Diaz believes that “fiction has palpable effects on reality. A lot of the power constraints that we feel in our everyday lives are based on fiction. Think of something that is as inherent and powerful to you as your nationality. That is, at the end of the day, a collection of ideological fictions. There’s nothing in it. Nothing. Think about it for a second. There’s nothing that makes you American or Belgian or anything aside from what you ascribe to that identity, and that is a series of narratives”.
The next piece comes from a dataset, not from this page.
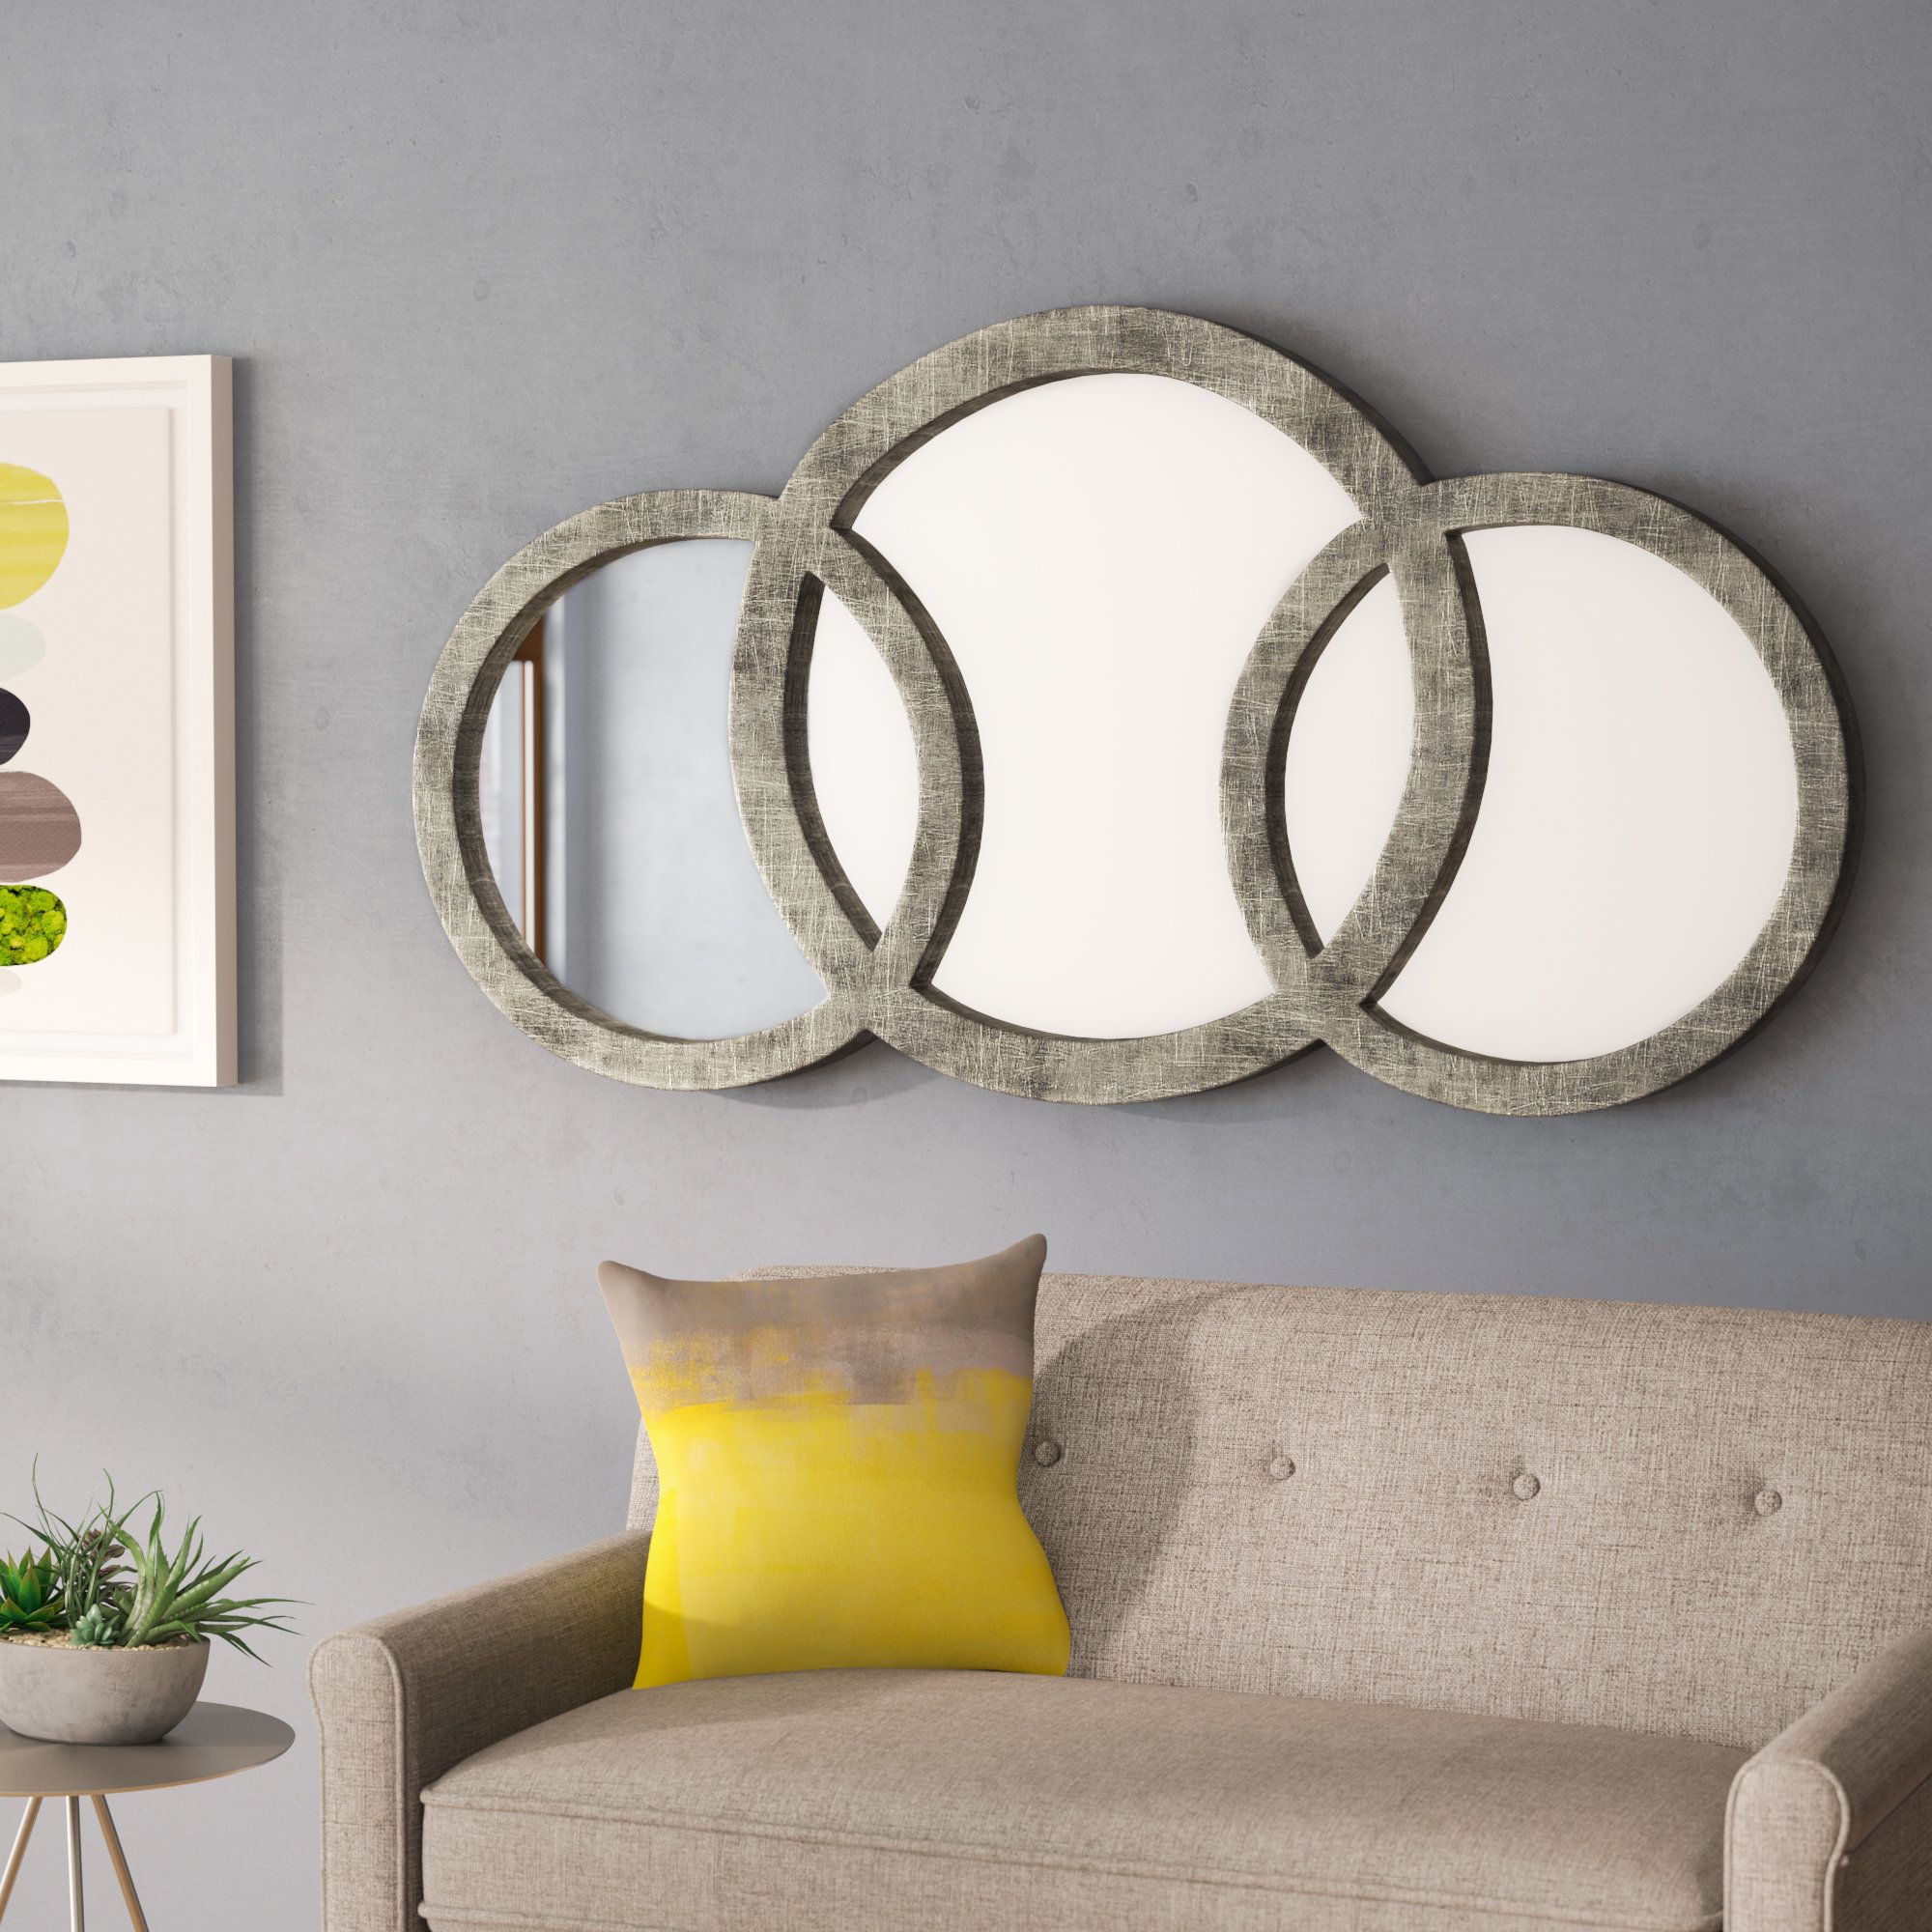 Cromartie Antique Silver Leaf 3 Ring Mirror Within Best And Newest Cromartie Tree Branch Wall Mirrors (View 6 of 20)

Diaz is a voracious reader. In interviews, he quotes so many writers and points out parts of his novel which have styles similar to some of the writers. After having read 29 books of P G Wodehouse he says, “ I love Wodehouse. Ever-surprising in his repetitiousness, never failing to delight, always making us safe in his breezy world. It is paradoxical that Wodehouse should give me so much comfort when he also makes me feel how mean and shabby my life is each time I emerge from one of his novels”.

Some authors write well but not impressive in speeches and conversations. Diaz is spectacular and mesmerizing both in writing and talking with his spontaneous thoughts and reflections. I have read some of his interviews which are as fascinating and inspiring as his book. He revels in abstract concepts and subversive thoughts. He calls writing as a monstrous act because it implies a metamorphosis. 

Diaz says, “I write with a fountain pen (received as gift twenty years back) in large format notebooks. I enjoy the feeling of flowing ink and the rumor of the pen on the paper. With a pen, you create your own geography, with its islets of thoughts and streams of associations”. 

‘Trust’ has won the 2023 Pulitzer prize for fiction. It is the second novel of Diaz. I cannot wait to read his first novel “In the Distance”. 

Hernan Diaz is a potential candidate for Nobel Prize.